Saturday, February 26, 2005

"Facts do not cease to exist because they are ignored"
Aldous Huxley

Fact # 1 - I am slowly going bankrupt.
All those treatments (spa, massages, hair treatment, waxing, body scrub) and out of town trips are not cheap. Yet I still indulge in them and charging everything to my credit card.

Fact # 2 - I need a new cellphone.
Especially in times when my obsolete Nokia 3330 cronks out on me. There I was roaming around Greenbelt mall and I only realized my cellphone was dead when I was going to text my sister. I wanted to ask her if we were going for the 6:30 or the 8:30 pm showing of "Sideways", last night. And no matter what I did, it won't switch on again. But I think it is an unnecessary expense and just keep hoping my cellphone 'behaves' and doesn't act up.

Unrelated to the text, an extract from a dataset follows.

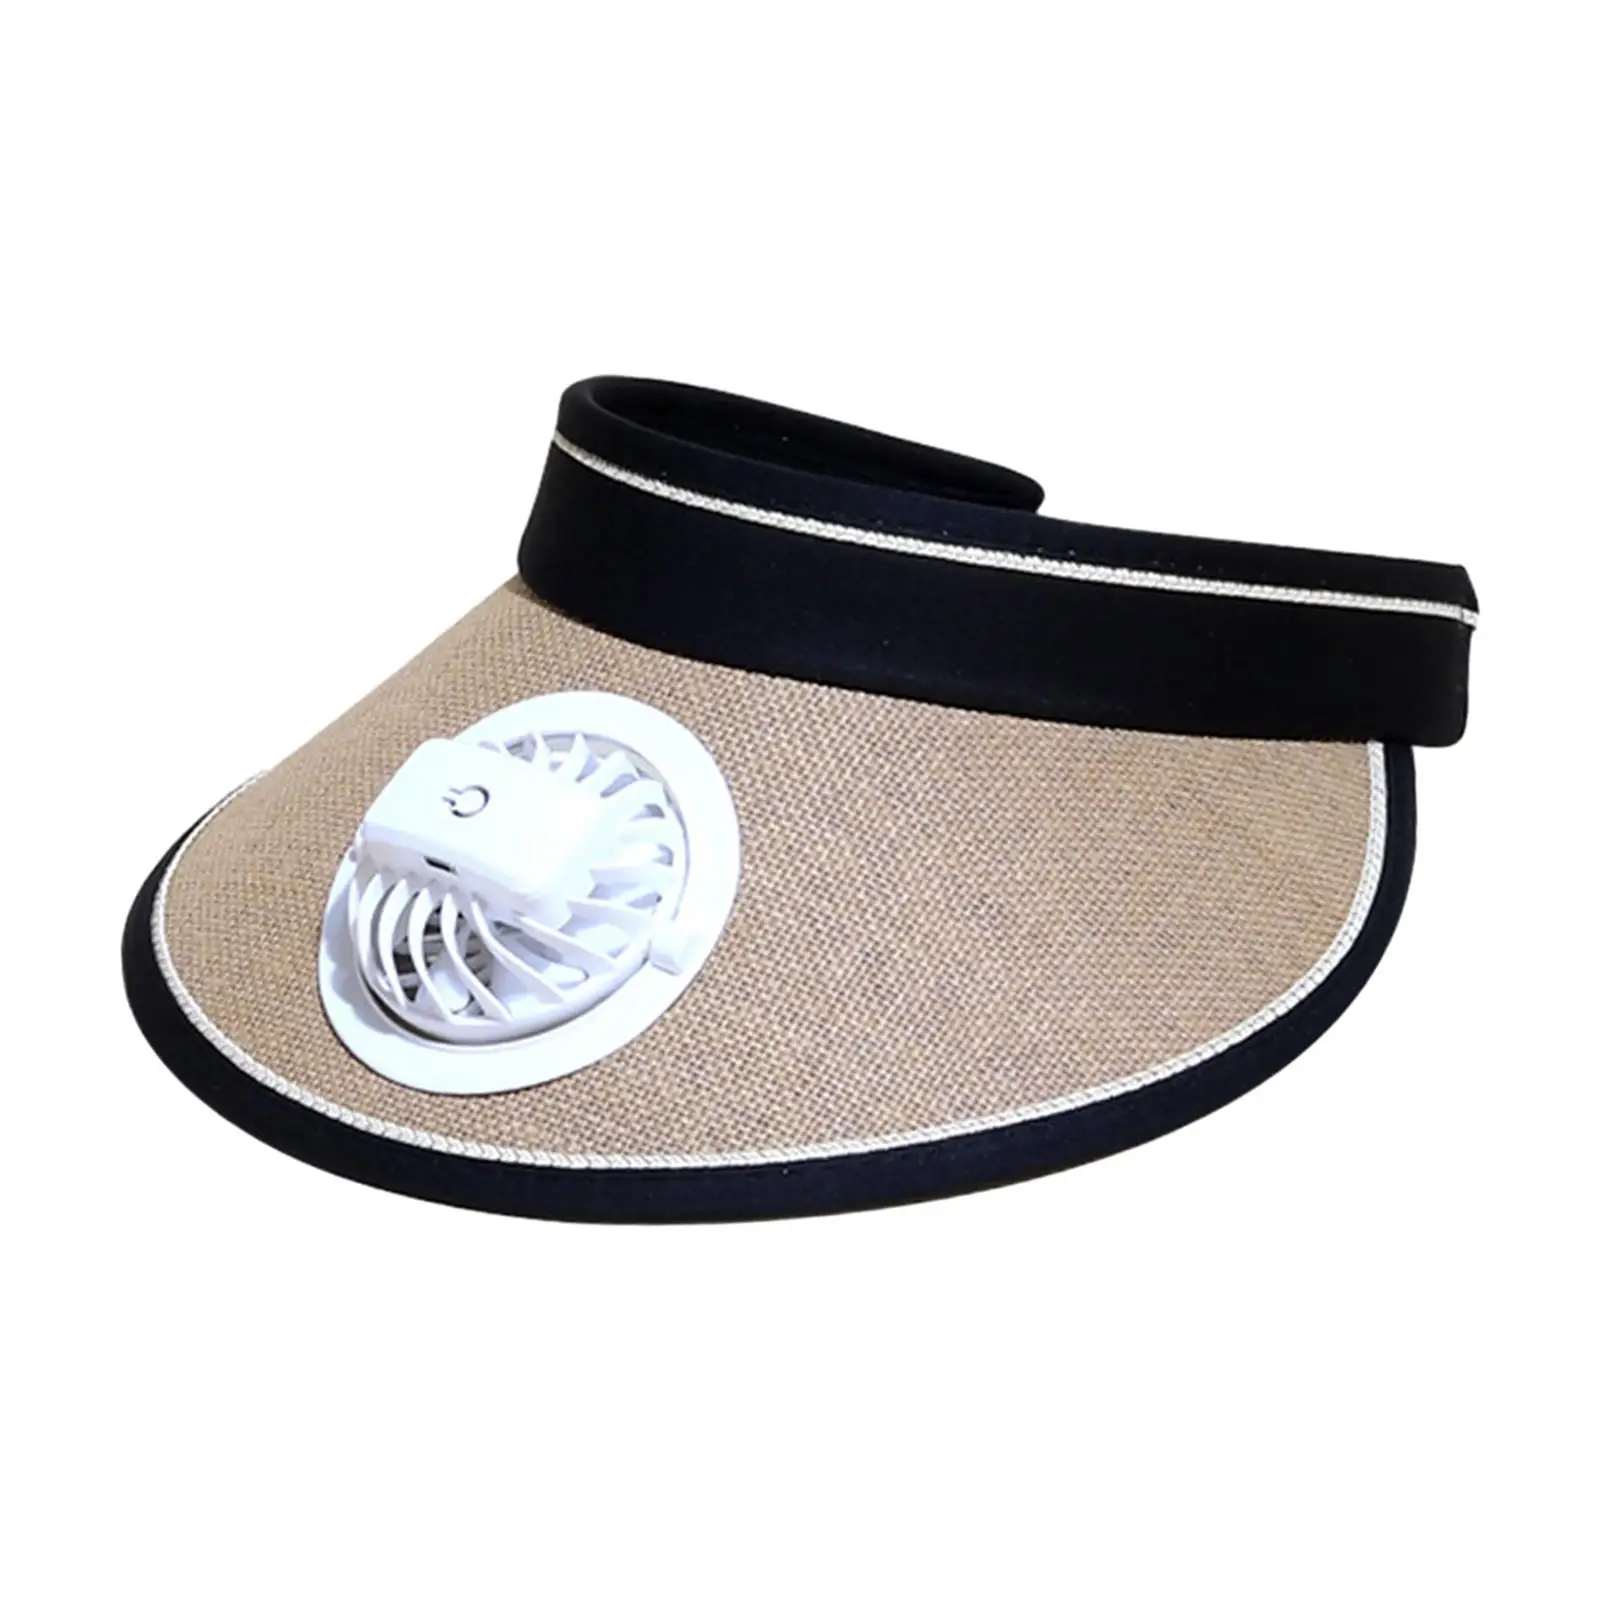 Beach Hat Sunshade Cap with Fan Large Brim Comfortable Three Adjustable Speeds Multifunctional Fashionable for UV Protection

Fact # 3 - E & I can NEVER be together.
This is a fact though which I am not ignoring. Sadly it's something I am dealing with, RIGHT NOW. I am giving up. My frustrations got the better of me. I have to face the truth and accept reality. It is not meant to be and it is for the best that I let go and move on.

How can I not love you?
cannot touch
cannot hold
cannot be together
cannot love
cannot kiss
cannot have each other
must be strong
and we must let go
cannot say what our hearts must know
how can I not love you

what do I tell my heart
when do I not want you
here in my arms
how does one waltz away from all of the memories
how do I not miss you when you're gone

cannot dream
cannot share
sweet and tender moments
cannot feel how we feel
must pretend it's over
must be brave and we must go on
must not say what we've known all along
how can I not love you

how can I not love you
must be brave and we must be strong
cannot say what we've known all along
how can I not love you
what do I tell my heart
when do I not want you here in my arms
how does one waltz away from all of the memories
how do I not miss you when you are gone
how can I not love you...When you are gone?